The benefits go far beyond what you’re mentioning and I don’t think I could list everything here
Some people who have used this seriously they also gave their opinions.

• https://x.com/mrdoob/status/1886416782673789317
• WebGPURenderer: PostProcessing + GaussianBlurNode + QuadMesh by sunag · Pull Request #27369 · mrdoob/three.js · GitHub
• https://x.com/mustache_dev/status/2010375315218944086
• https://x.com/bruno_simon/status/2011752492372279739
• https://x.com/onirenaud/status/1984863378284896377
• https://x.com/vg_head/status/1991611248559988749
• https://x.com/shotamatsuda/status/1951453583117045775
• https://x.com/MaximeHeckel/status/1978116334245302493
• https://x.com/akella/status/1912614090377142317
• https://x.com/marcinignac/status/1805550271017144780
• https://x.com/Andersonmancini/status/1794348913660772505
• https://x.com/mamesoncom/status/1842812329484017950
• https://x.com/makio64/status/1963160279795065084
• https://x.com/SoundSafari_io/status/2015195333177872528
• https://x.com/thenoumenon/status/2010526571556475351
• https://x.com/holtsetio/status/1932870179161321566
• https://x.com/marchantweb/status/1890263641309757911
• https://x.com/Ademola_4life/status/2012205043185762330
• …

There’s actually a lot more if you use keywords you’ll find it.

There are certainly things to improve in TSL, thinking about ways to improve performance and syntax is great and improve support to WGSL too, but for a general analysis, I think it’s superficial and cherry-picked, the reason might be a lack of in-depth knowledge about.

Like I don’t understand how you arrive at some conclusions like TSL based on substitutions, since this uses an AST on top of Node abstraction, with separate builder for WGSL and GLSL or perhaps mention compilations benefit from the cache-key of flow of node and not everything is recompiled, or nodes like range, or related to the backdrop features .…

I think that when people compare WGSL or GLSL with TSL, it’s because they don’t understand TSL very well; at least they would know that TSL handles the CPU + Renderer + GPU program, while WGSL or GLSL only handles the GPU program.

My 2 cents.

I would avoid considering any technology harmful, only because it is harmful to me.

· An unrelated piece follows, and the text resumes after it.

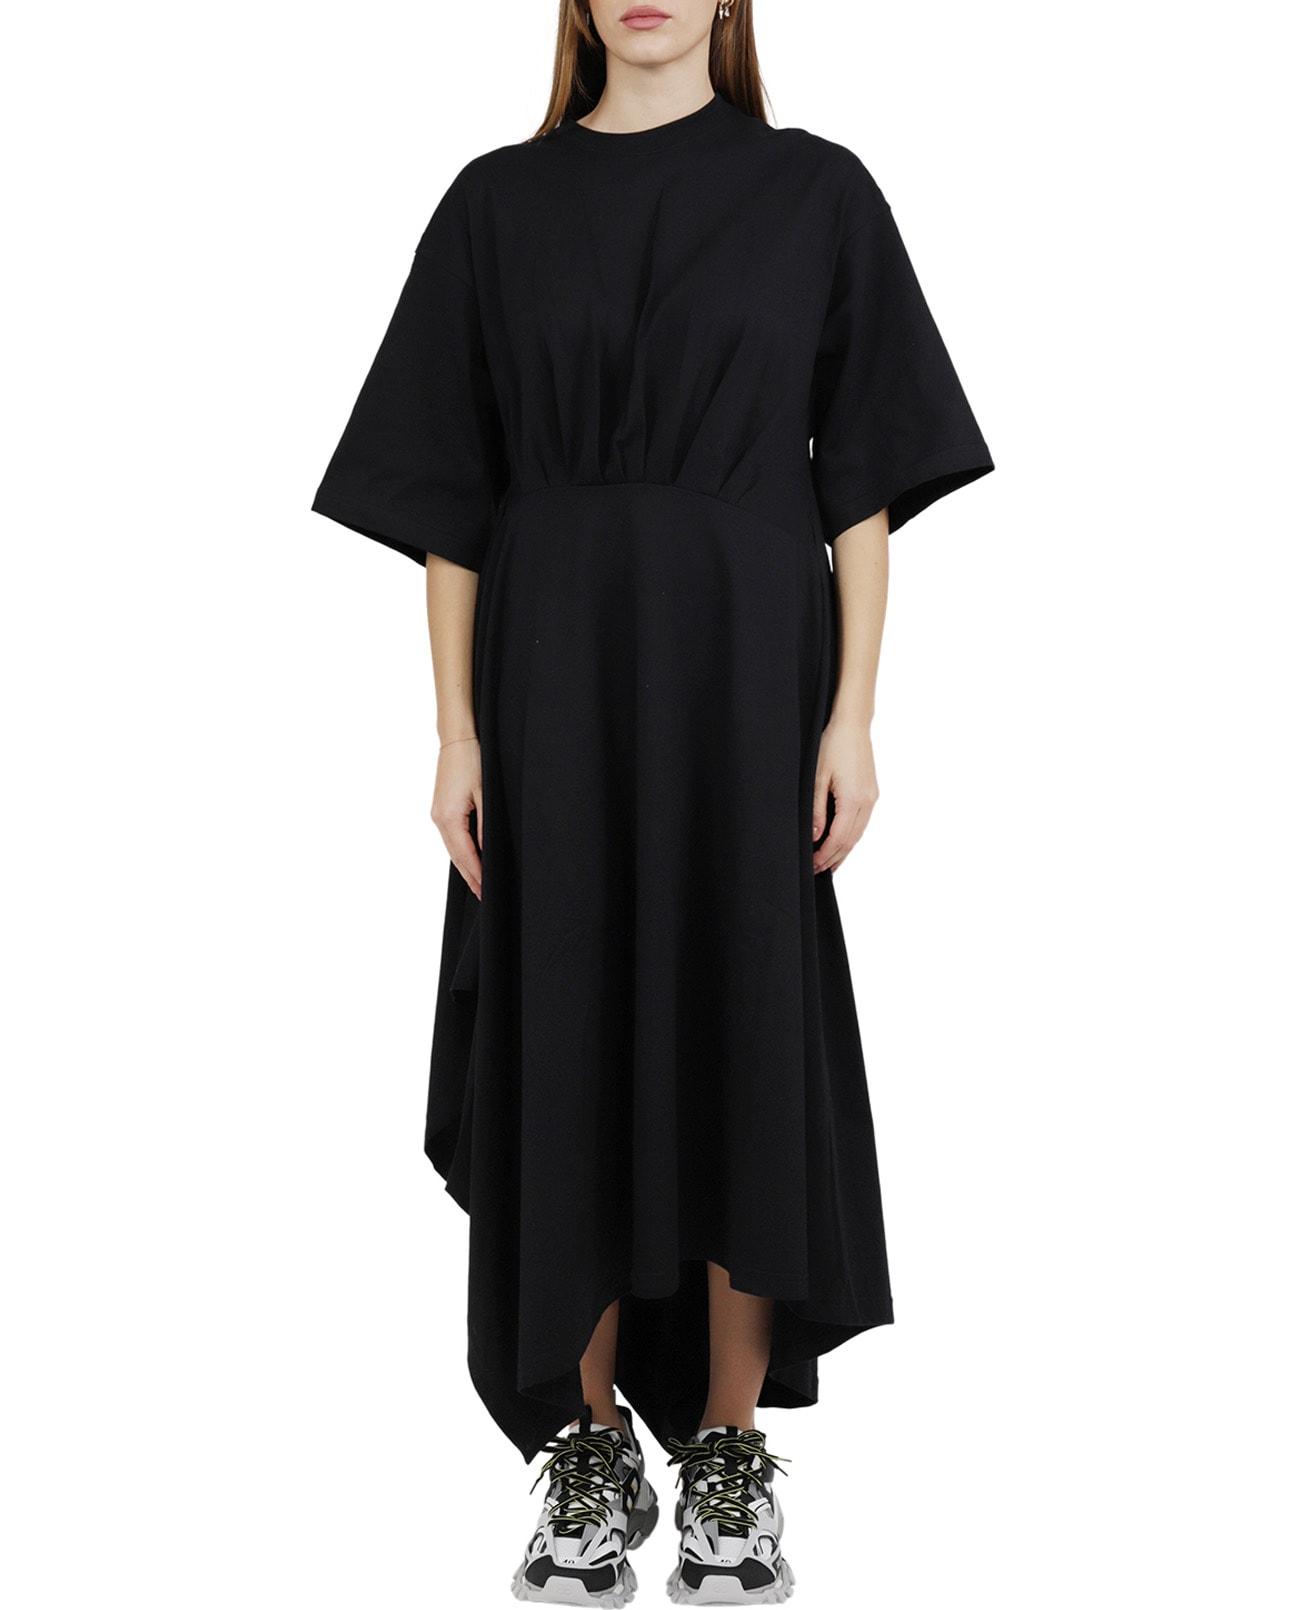 Balenciaga Black Wrap T-shirt Dress
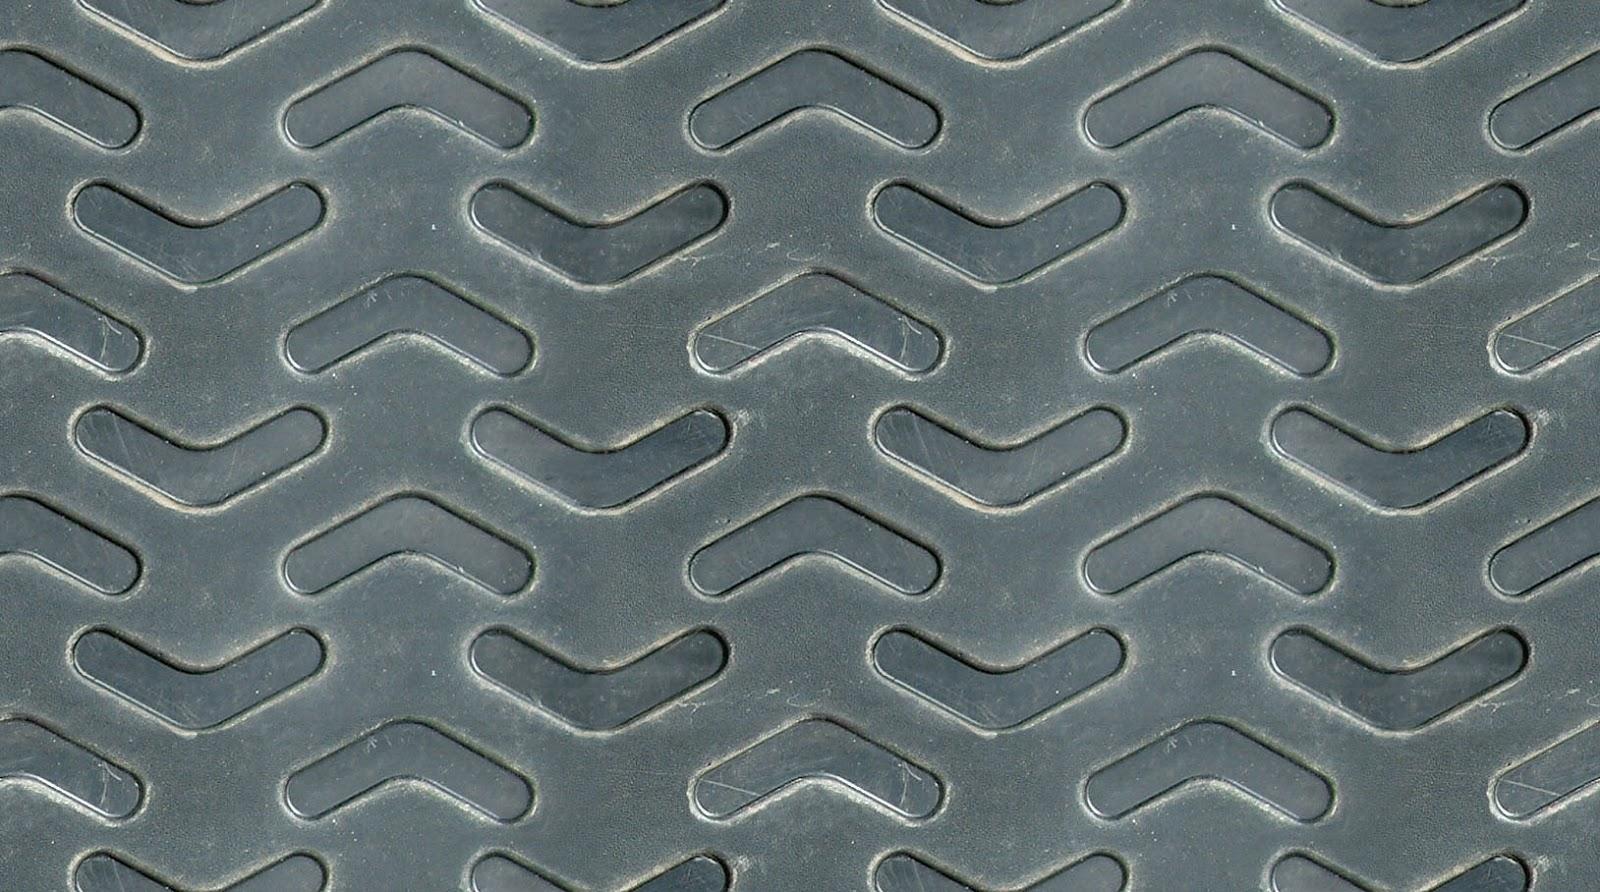 Seamless Metal Plate Texture Maps Texturise Free

As for TSL and some of the things labeled “poor” - I tend to agree with some, but also tend to disagree with others.

• Poorly documented - here I tend to agree, some explanations just retell the name of the entity. Of course, it is a matter of balance between being a reference and being a tutorial, but a concept that is not native to Three.js, should be better explained. Example: the description of .barrier is “TSL function for creating a barrier node” which is somewhat pointless.
• Slow to execute - the example of inlined expressions is something that the user can control. Example: when I want an expression to be calculated once, I use .toVar or .toConst
• Painful to debug: agree, but the reason for this is that TSL has no own lexer and parser, so it has no reasonable way to map JS source to nodes, additionally the TSL code is linear by text, but non-linear by execution. But I agree that a better error reporting would make things much easier.
• Feature-limiting - TSL is a beautiful counterexample to this, as it has compute shaders, that are available in WebGPU, but not available in WebGL2.
• Awkward to write - I had experience in LISP (scheme, common) and in post-fix languages (like Forth), so I feel perfectly OK with the syntax - and this, unfortunatelly, removes me from your list of friends (as you rule out such people). The reason for this syntax is that TSL uses JS as a backbone and JS does not allow things like operator overloading or custom control statements.
• Has a massive API surface - I consider this advantage. Instead of forcing users to define the whole shaders in tree of nodes, TSL gives the tree, exposes most nodes and allows users to modify just one node, leaving all the rest as they are.
• Conditional compilation - this is not found in the original list, but TSL can use JS as preprocessor, mixing both languages, and achieves thing like conditional code for shaders. Examples: mixing if and If in a single function.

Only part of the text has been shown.